McDonald’s $5 Meal Deal: Profit Boost or Just a Loss Leader?

McDonald’s is set to profit modestly from its $5 meal deal, though the profit margins are expected to be between 1% and 5%, translating to roughly $0.05 to $0.25 for each bundle sold, according to restaurant analyst Mark Kalinowski.

Kalinowski noted that this promotion is aimed at attracting inflation-weary consumers back to the restaurant, with the hope that they will make additional purchases beyond the $5 offering.

However, the profitability of this deal hinges on various factors including ingredient costs, labor, and overhead expenses.
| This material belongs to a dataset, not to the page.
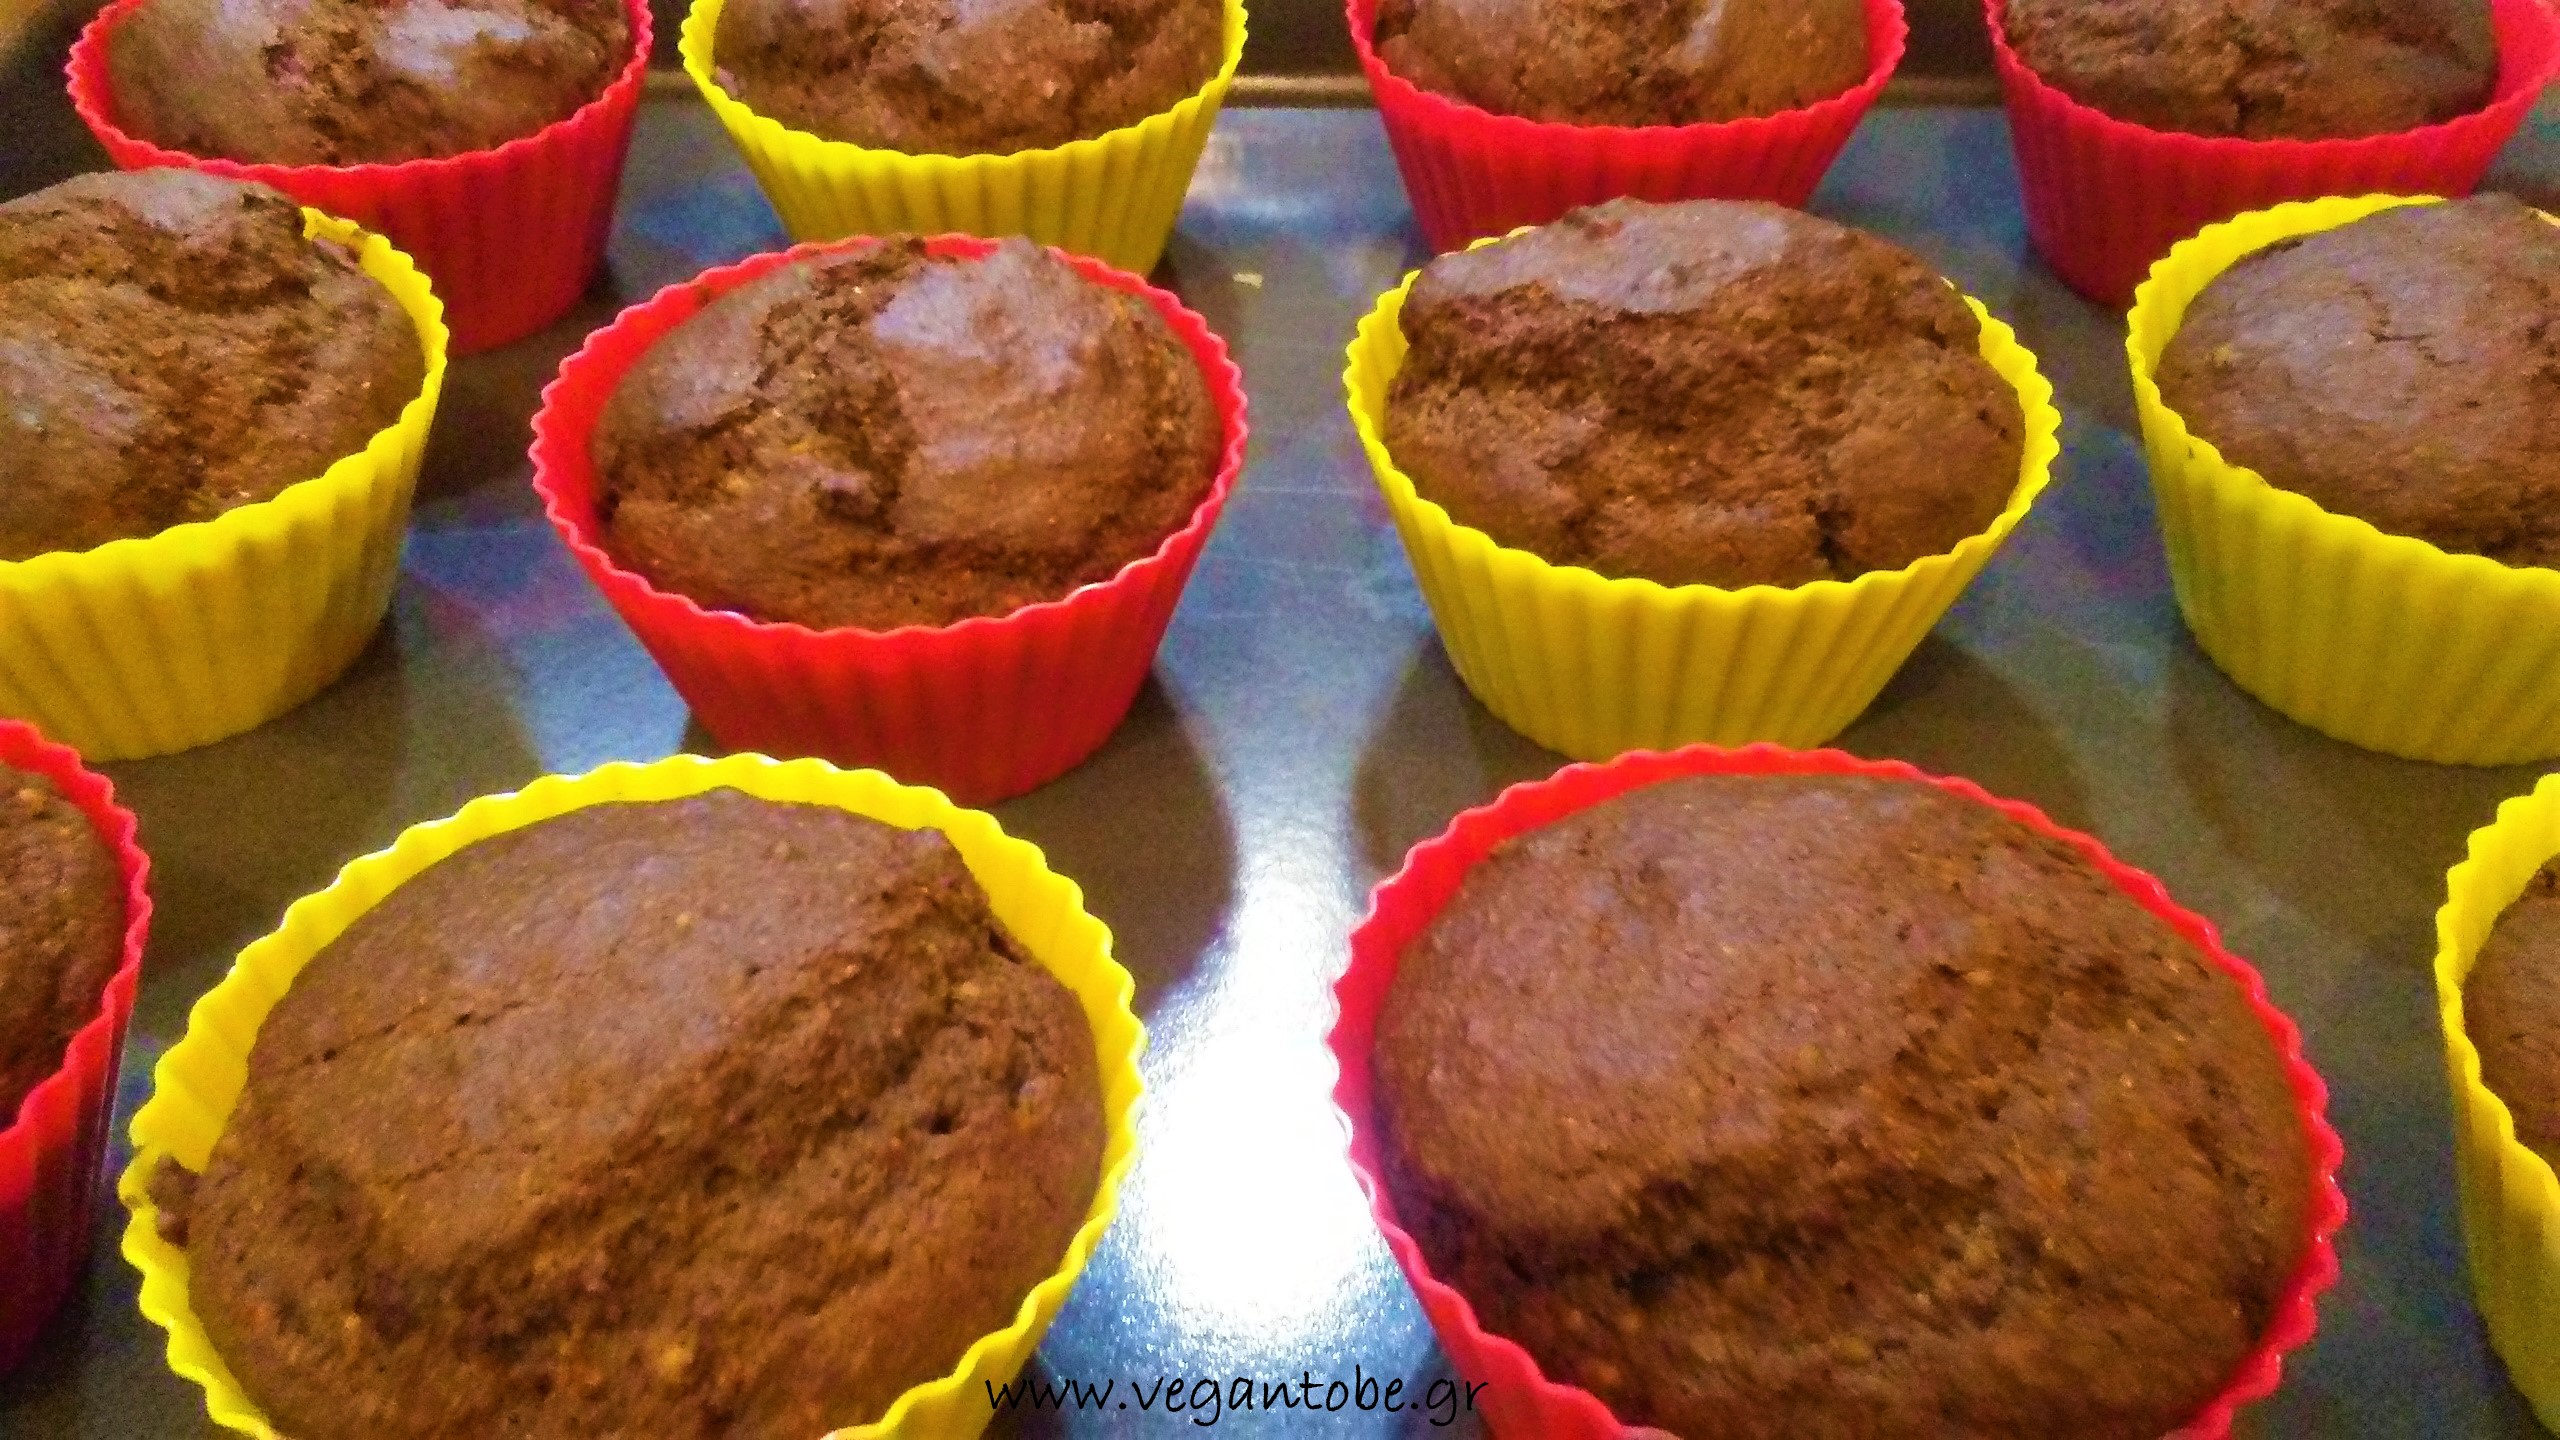 muffins in the pan

Arlene Spiegel, president of consulting firm Arlene Spiegel & Associates, indicated that the $5 meal deal is “more promotional than profitable.”

Despite bringing customers into the restaurant, it doesn’t guarantee that franchisees will benefit financially. Approximately 95% of McDonald’s locations are franchisee-owned, meaning these owners set their own prices and manage additional expenses such as rent, insurance, permits, and taxes.

In May, Joe Erlinger, McDonald’s U.S. president, stated that franchisees implement promotional deals like the $5 meal to offset overhead costs. However, Spiegel remarked that the bundle functions more as a “loss leader to capture and re-capture guests.” After considering the extra costs related to labor, packaging, condiments, delivery, and marketing, owners often find that they eliminate any potential profits from the deal.